From: Riccardo Mottola
Subject: Re: New -base release?
Date: Tue, 16 Aug 2011 09:01:27 +0200
User-agent: Mozilla/5.0 (Macintosh; U; PPC Mac OS X 10.4; en-US; rv:1.9.1.19) Gecko/20110420 SeaMonkey/2.0.14

Hi
How do you find the timezone on Free/Open BSD?  What we need for timezone 
support is some way to obtain, from the operating system, the correct timezone 
name (eg. GB-Eire or Europe/Rome)
There's no standard way to do that, so we already have system-specific code to 
get the info via the most common methods, and there's no real reason we can't 
add more for other OS's.
At least speaking for OpenBSD, /etc/localtime is a symlink to the timezone. For 
me it looks like this:
$ ls -l /etc/localtime
lrwxr-xr-x  1 root  wheel  33 Feb 20 11:02 /etc/localtime ->  
/usr/share/zoneinfo/Europe/Berlin


yes, that's pretty standard. /etc/localtime can be both a link or just a raw copy.

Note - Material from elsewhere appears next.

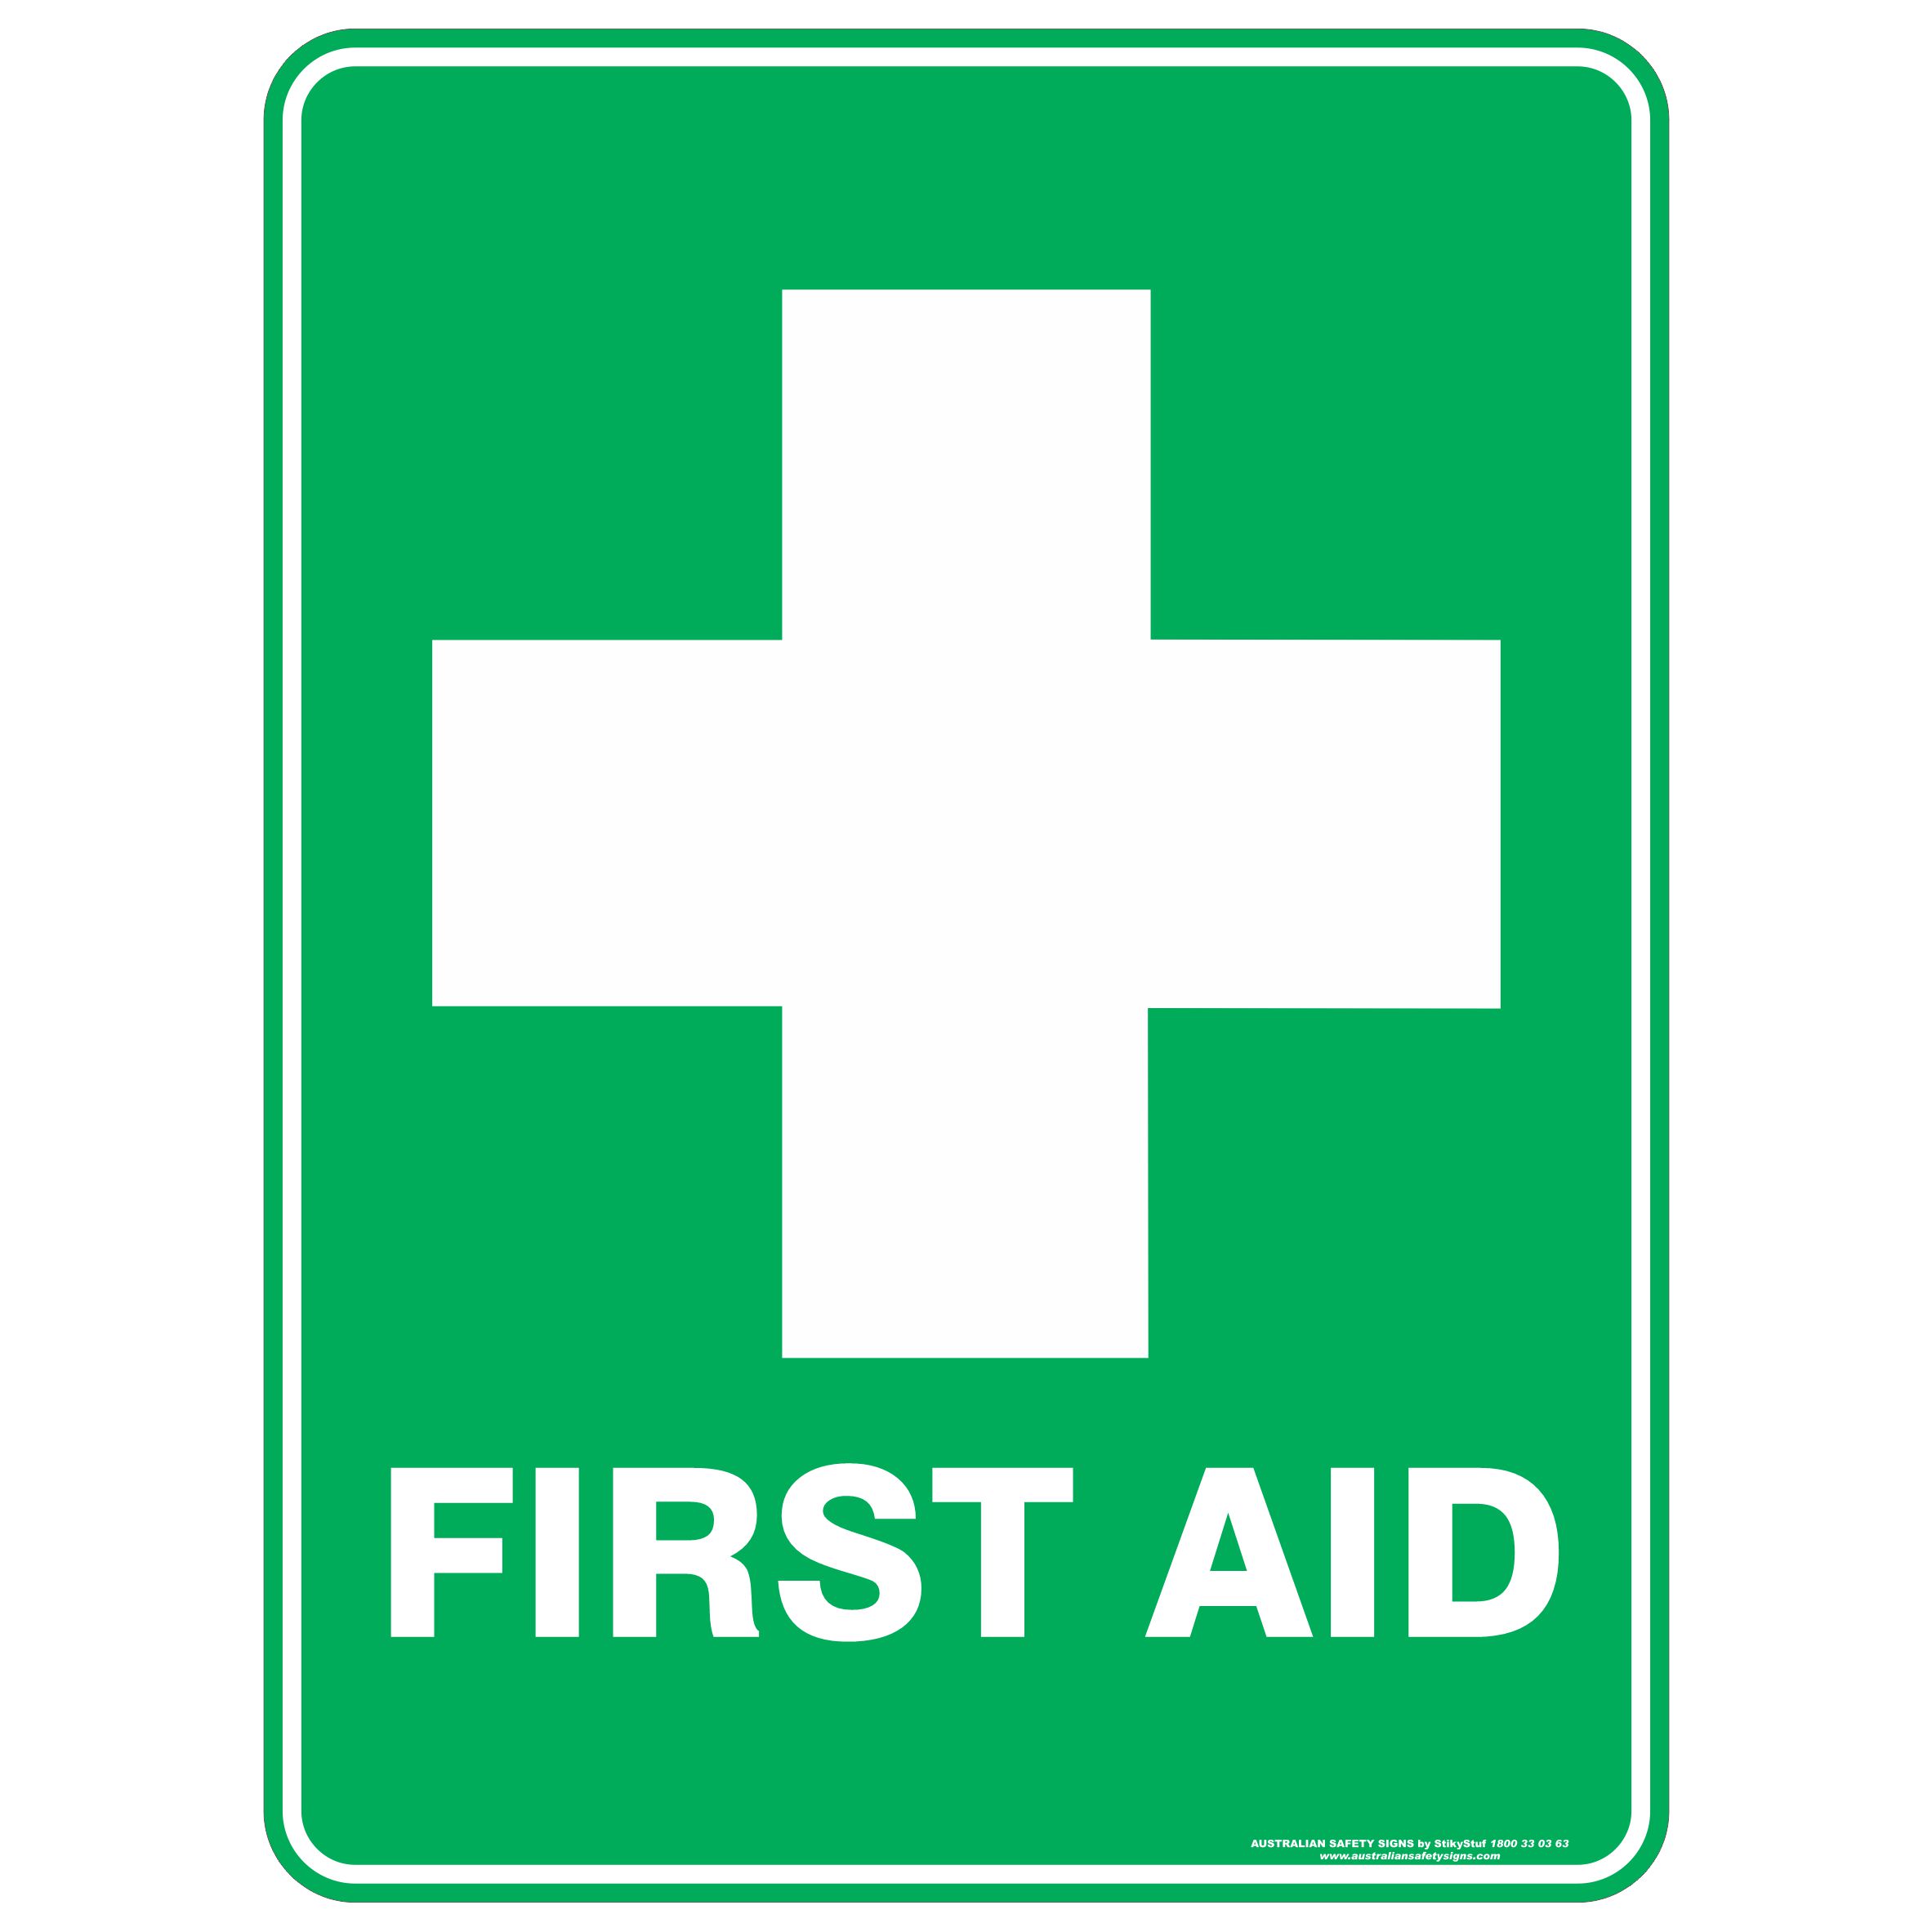 First Aid - Safety Sign

do a "file /usr/share/zoneinfo/Europe/Berlin"

and you should see the timezone data file version.

It appears I have both "old version" and "version 2" floating around. We are able to use version 2 files but not the old ones on freebsd. But I couldn't really understand inside the NSTimeZone code where we do read the contents of the file.

*light bulb on* ! Perhaps we do not read the conent, but we assume it is a symlink? I tried switching versions using a symlink and not by copying again.... I need to test that too. Darn.